Lumbar hernias (LH) are rare; about 300 cases have been reported. It can occur in two separate triangular areas of the flank (1-3). The superior triangle (Grynfeltt's lumbar triangle) is bound by the 12th rib superiorly, the internal oblique muscle inferiorly, and the sacrospinous muscles medially. The inferior triangle (Petit's lumbar triangle) is bound by the latissimus dorsi muscle posteriorly, the external oblique muscle anteriorly, and the iliac crest inferiorly (4). LHs are more common on the left side.

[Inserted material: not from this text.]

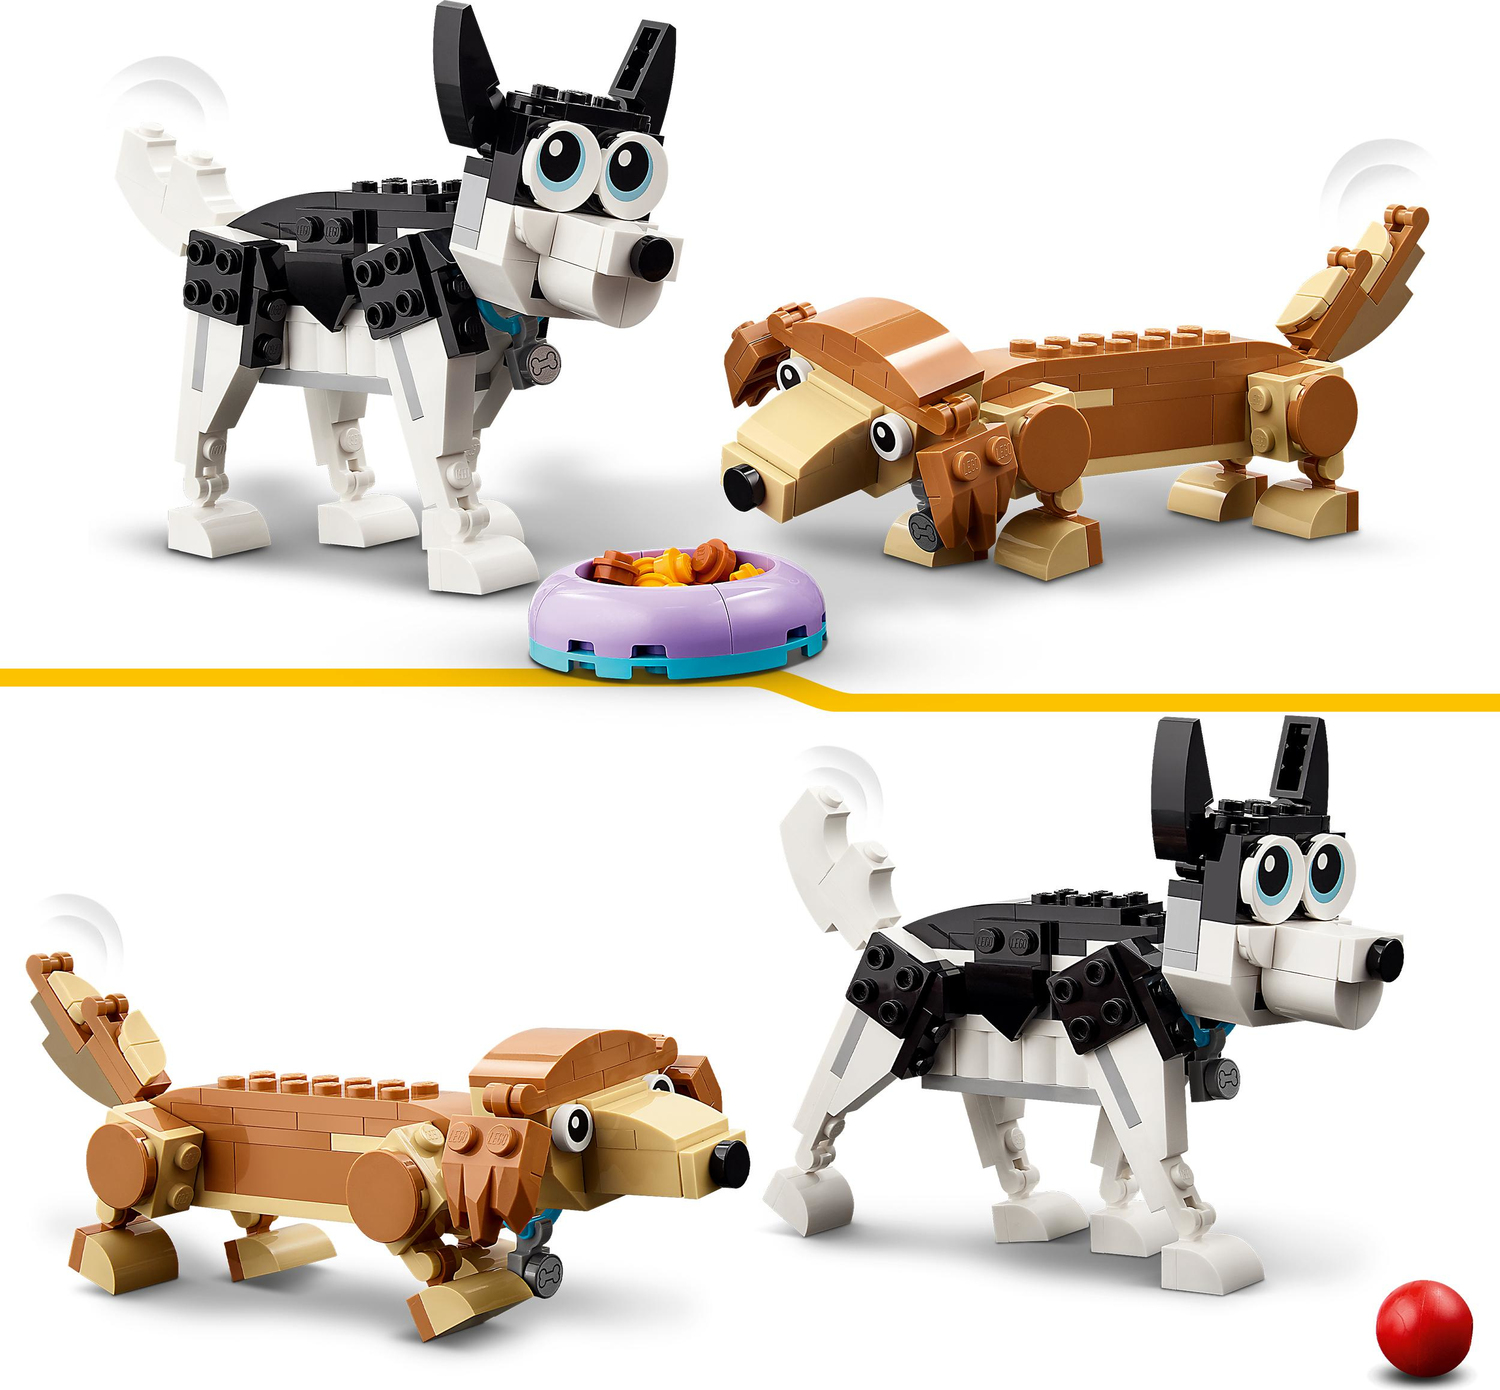 LEGO Creator 3-in-1 31137 Adorable Dogs
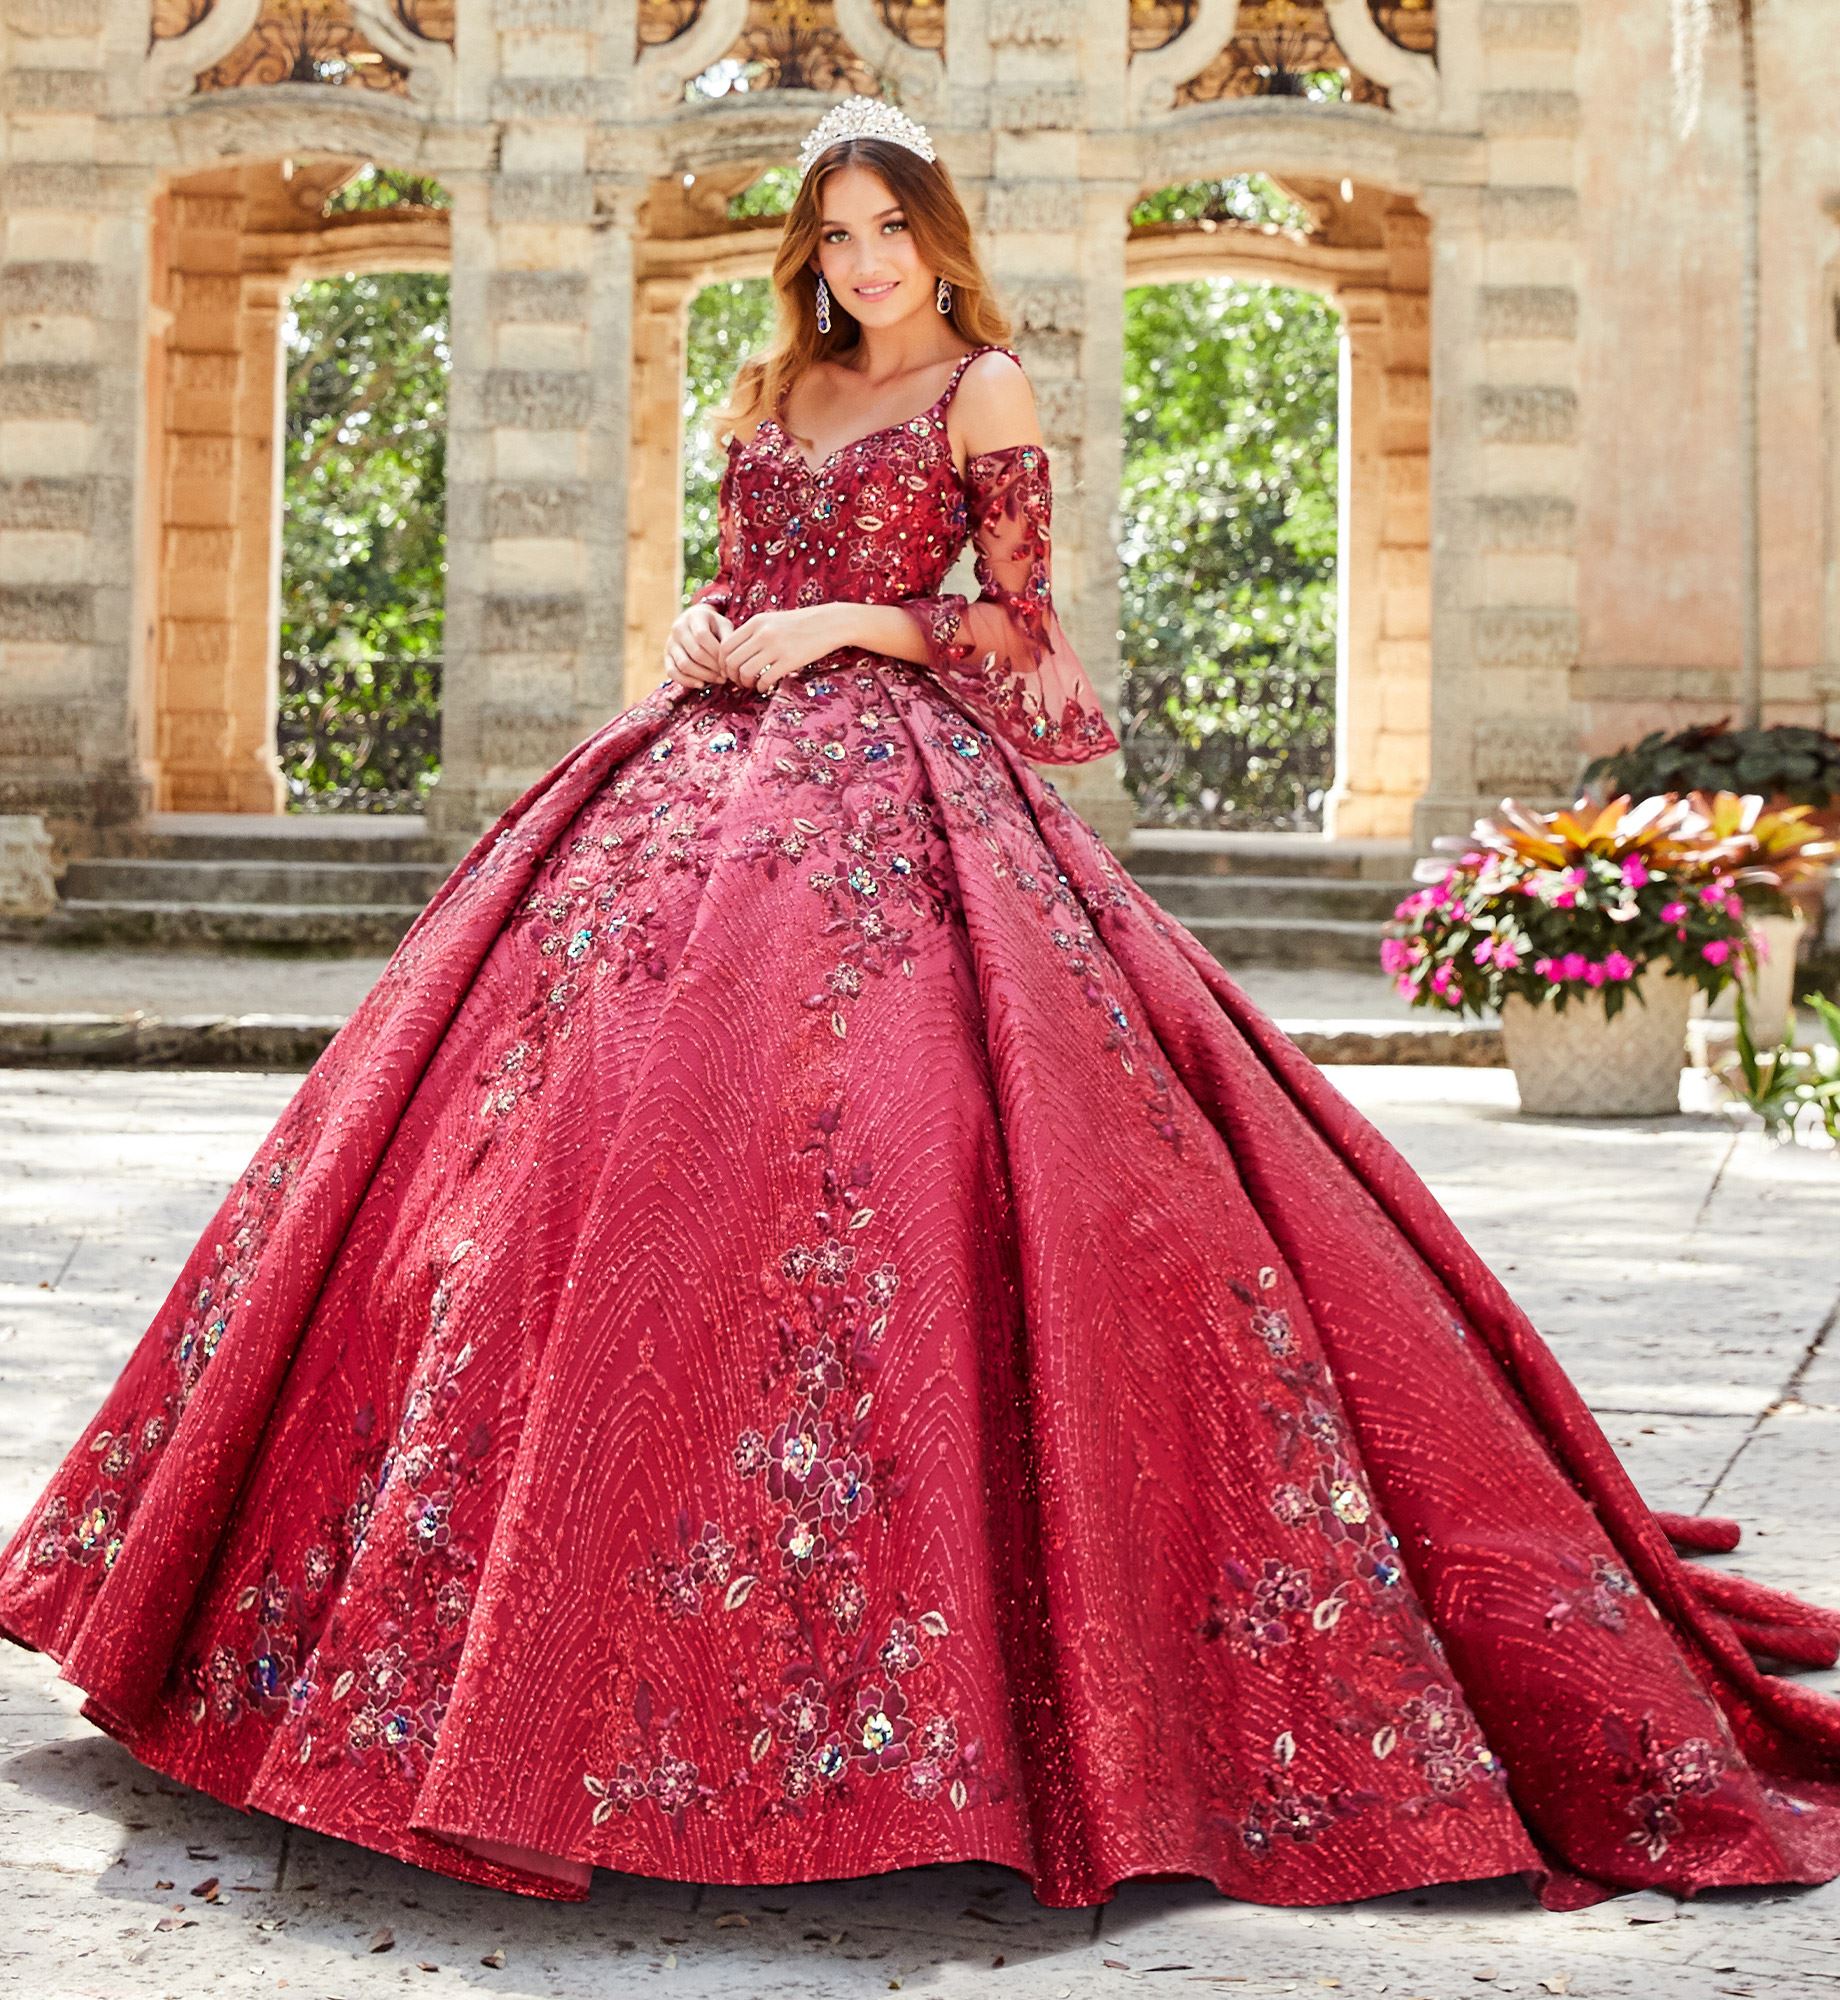 Brunette model in ruby red quinceañera dress with long sleeves

This may be because the liver pushes the right kidney inferiorly in development, leading to the protection of the lumbar triangles (5). LH may contain a number of intra or retroperitoneal structures including large intestine, small intestine, stomach, kidney, spleen, and mesentery omentum. 25% of all LHs are secondary acquired that may be caused by blunt-penetrating or crushing trauma; fractures of the iliac crest; surgical lesion; hepatic abscesses; infection in pelvic bones, and ribs or lumbodorsal fascia (1) . Incisional hernias develop in 3.8%-11.5% of cases after abdominal –surgical procedures (6). The incidence depends on a number of risk factors including old age, sex, obesity, suture type and wound infection. Here, we report a 55-year old man with acute painful left side flank mass.

Case report:

A 55-year-old homeless man came to the emergency department (ED) with pain and a mass in his left flank. The patient was awake and oriented. This mass was appeared about three hours before admission and his flank pain was slight at first but became more severe gradually. On admission, he had 18 per minute respiratory rate, 88 per minute pulse rate, 110/80 mmHg blood pressure, 90% O2 saturation in room air, and 37°C auxiliary temperature. The pain score was about 9 to 10 according to visual analog scale (VAS). The only positive finding on physical examination was the sphere shaped, firm, mobile, and mild tender mass at his left flank (Figure 1). There was a 5 cm scar on this site because of previous penetrating trauma injury due to a motor vehicle collision. There was an abdominal wall defect about 8 cm in diameter and bowel loop was trapped in the neck of hernia sac on computed tomography (CT) (Figure 2). As a result, a Petit's triangle LH was diagnosed. Surgery was performed immediately by diagnosis of strangulated LH. Finally, the report of surgery finding confirmed diagnosis.
Figure 1

The Patient’s left flank mass

Figure 2

Abdominal computed tomography of patients

The Patient’s left flank mass Abdominal computed tomography of patients

Discussion:

LH accounts for less than 1.5% of the total hernia incidence (7). The inferior lumbar hernia is less common because of attachment of external oblique and latissmus dorsi to the iliac crest. Lumbar hernia could be divided into two groups congenital and acquired (8). Congenital LH accounts for 20% of all LHs. Congenital LH usually could be seen in superior lumbar triangle. Complications ofLH include irreducibility, incarceration and strangulation (9). In LH symptomatology limited to lower back pain. In less than 10% of cases the onset is acute with bowel obstruction (10). Treatment depends on the size and type of hernia. If the defect is small, it can be closed with continuous polypropylene. For large defect, preperitoneal meshplasty is the best treatment. Laparoscopic repair has been used in different reports with less pain and good functional result (11). Motor vehicle accidents are the most common cause of post-traumatic LHs (1, 4). If a LH is found after a motor vehicle accident, it is critical to assume that the patient has other intra-abdominal injuries. These patients should undergo urgent laparotomy because more than 60% of them will have major intra-abdominal injuries.
  10 in total

1.  Incarcerated inferior lumbar (Petit's) hernia.

Authors:  H Astarcioğlu; S Sökmen; K Atila; S Karademir
Journal:  Hernia       Date:  2003-04-10       Impact factor: 4.739

Review 2.  Congenital diaphragmatic hernia.

Authors:  Desmond Bohn
Journal:  Am J Respir Crit Care Med       Date:  2002-10-01       Impact factor: 21.405

Review 3.  Oral contraceptives and venous thromboembolism: a systematic review and meta-analysis.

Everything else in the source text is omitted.